Every line below should be copied exactly; drop the pictures.
::: Data provided
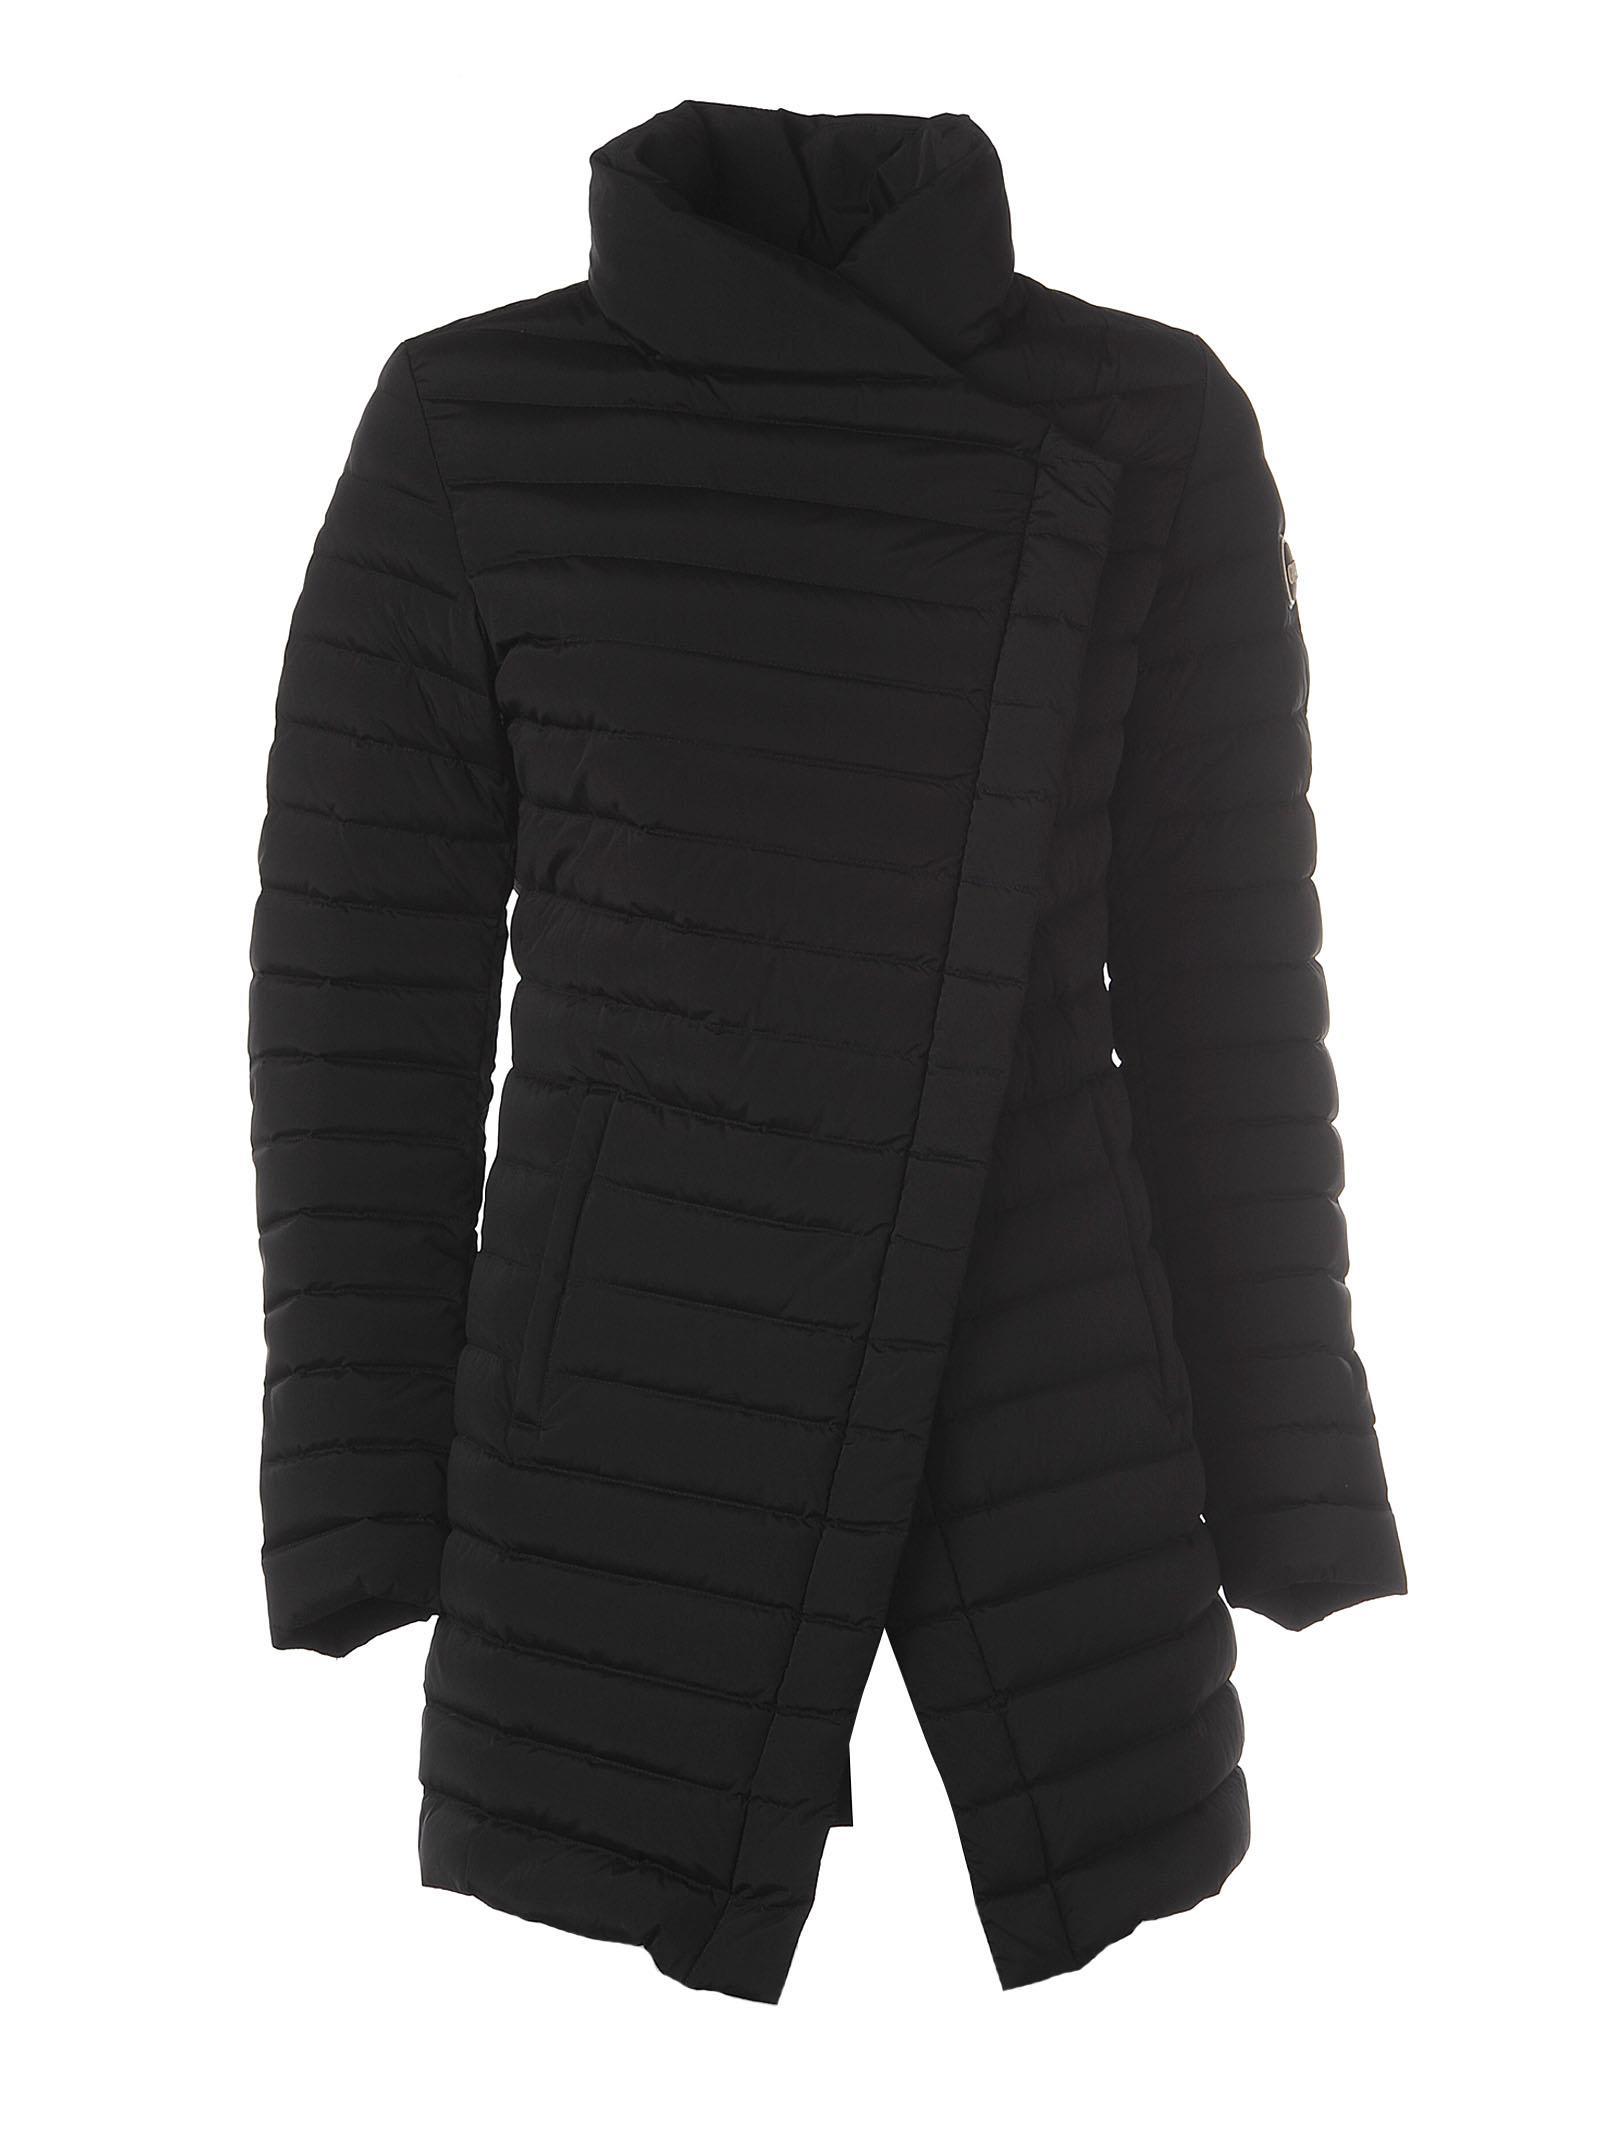 Colmar Black Quilted Jacket
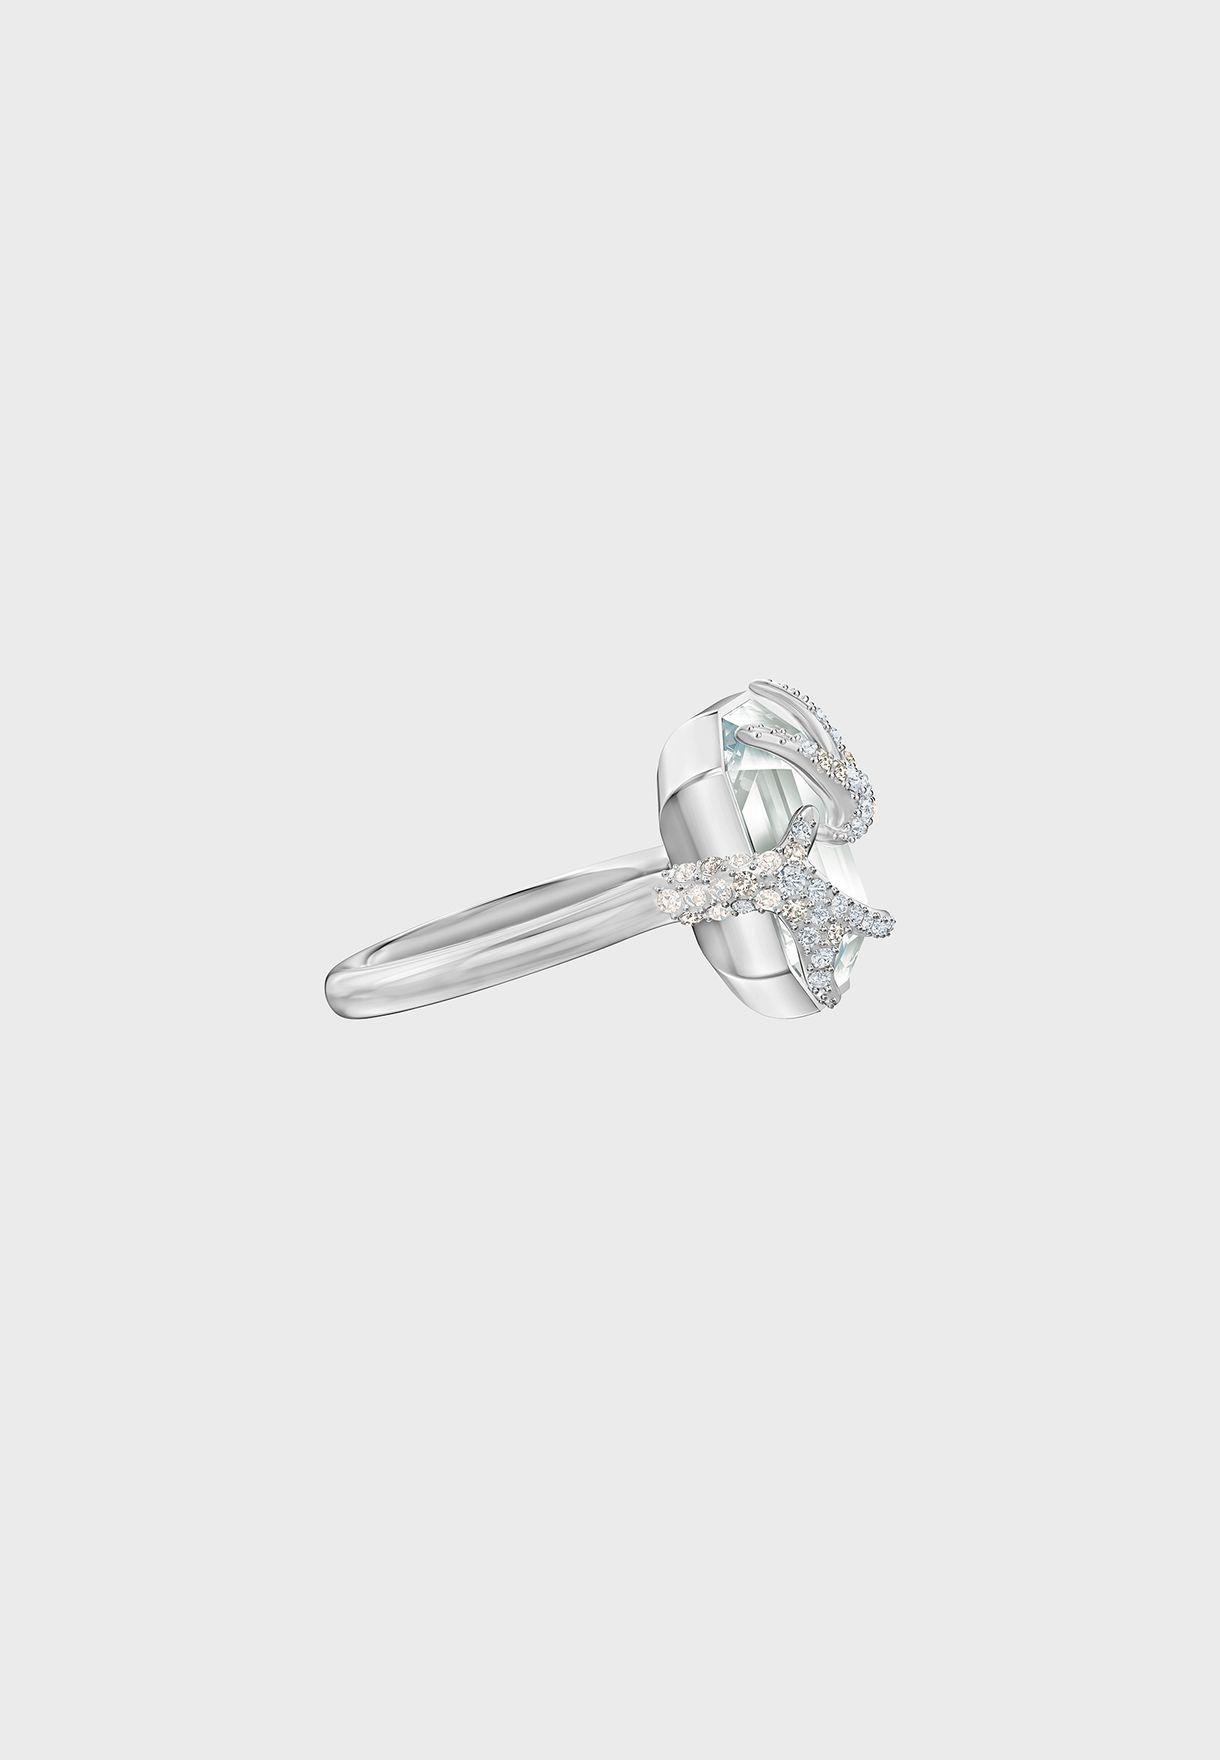 Shop Swarovski Silver Polar Bestiary Antler Ring 5497706 5515092
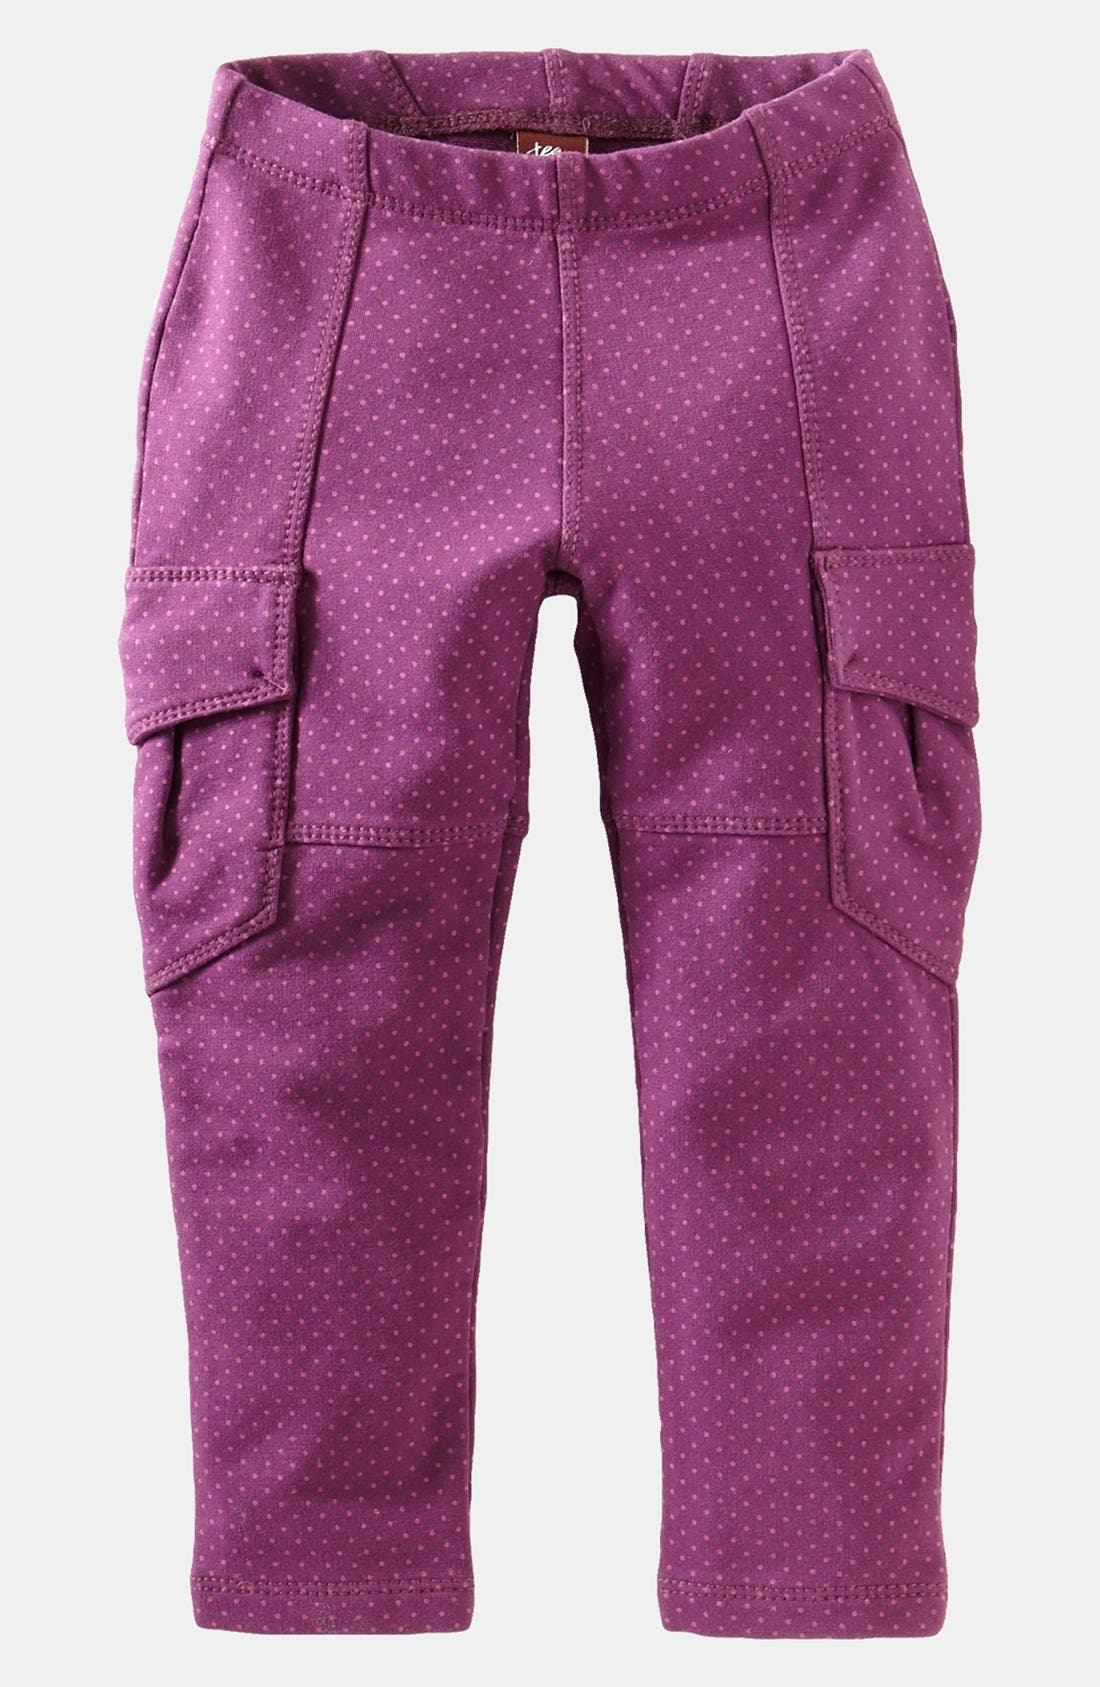 Alternate Image 1 Selected - Tea Collection 'Pin Dot' Cargo Pants (Toddler Girls, Little Girls & Big Girls)
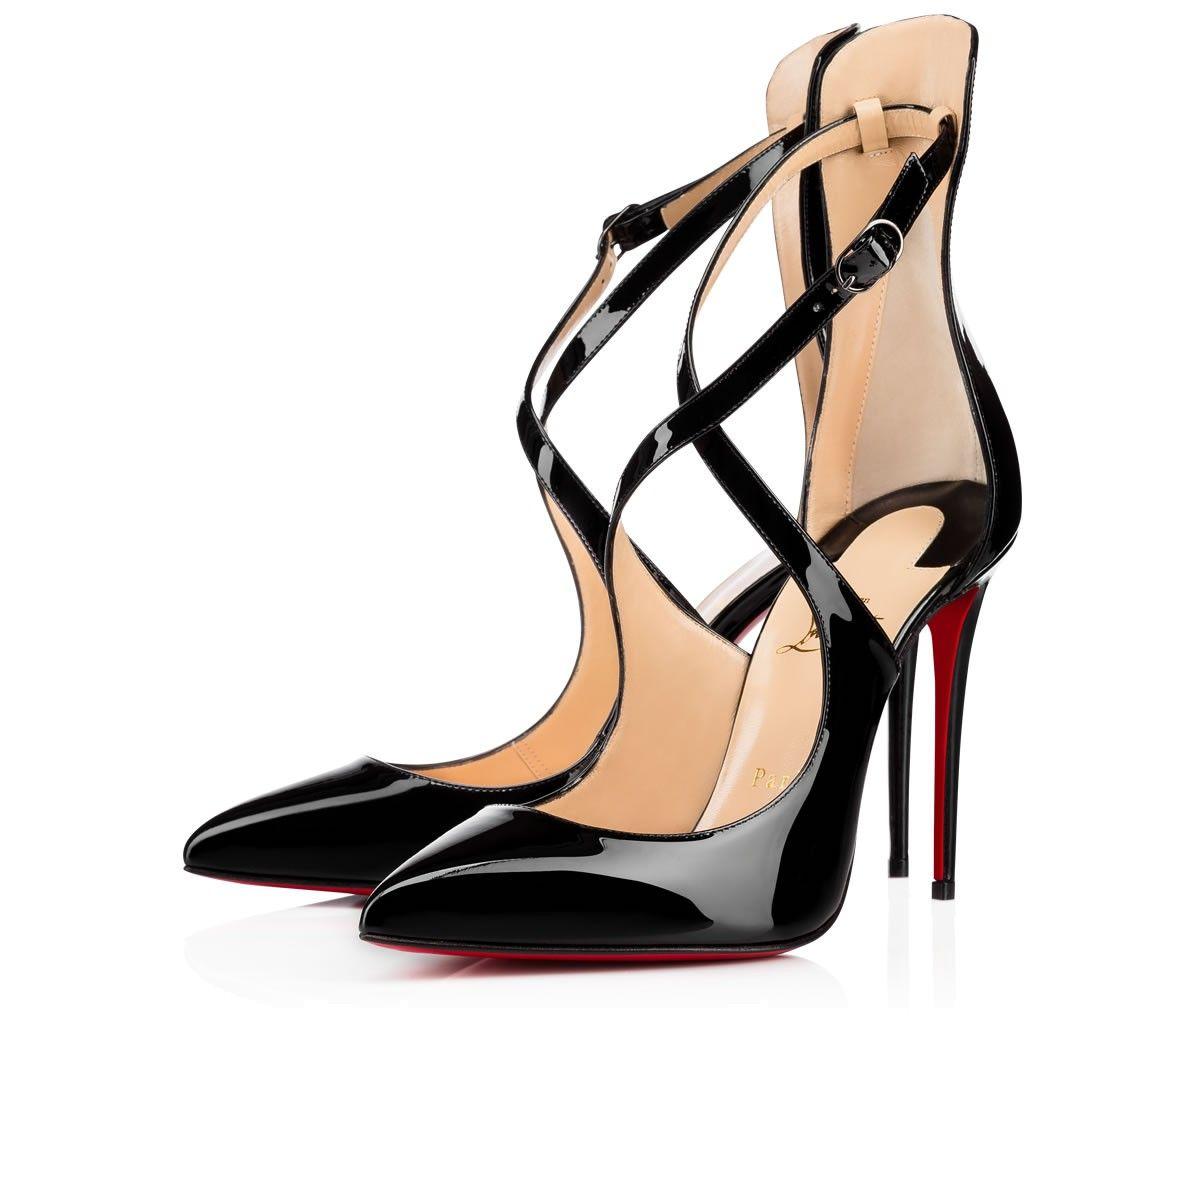 bottes femme christian louboutin
::::::
» **Task answer**:
 Colmar Black Quilted Jacket
 Shop Swarovski Silver Polar Bestiary Antler Ring 5497706 5515092
 Alternate Image 1 Selected - Tea Collection 'Pin Dot' Cargo Pants (Toddler Girls, Little Girls & Big Girls)
 bottes femme christian louboutin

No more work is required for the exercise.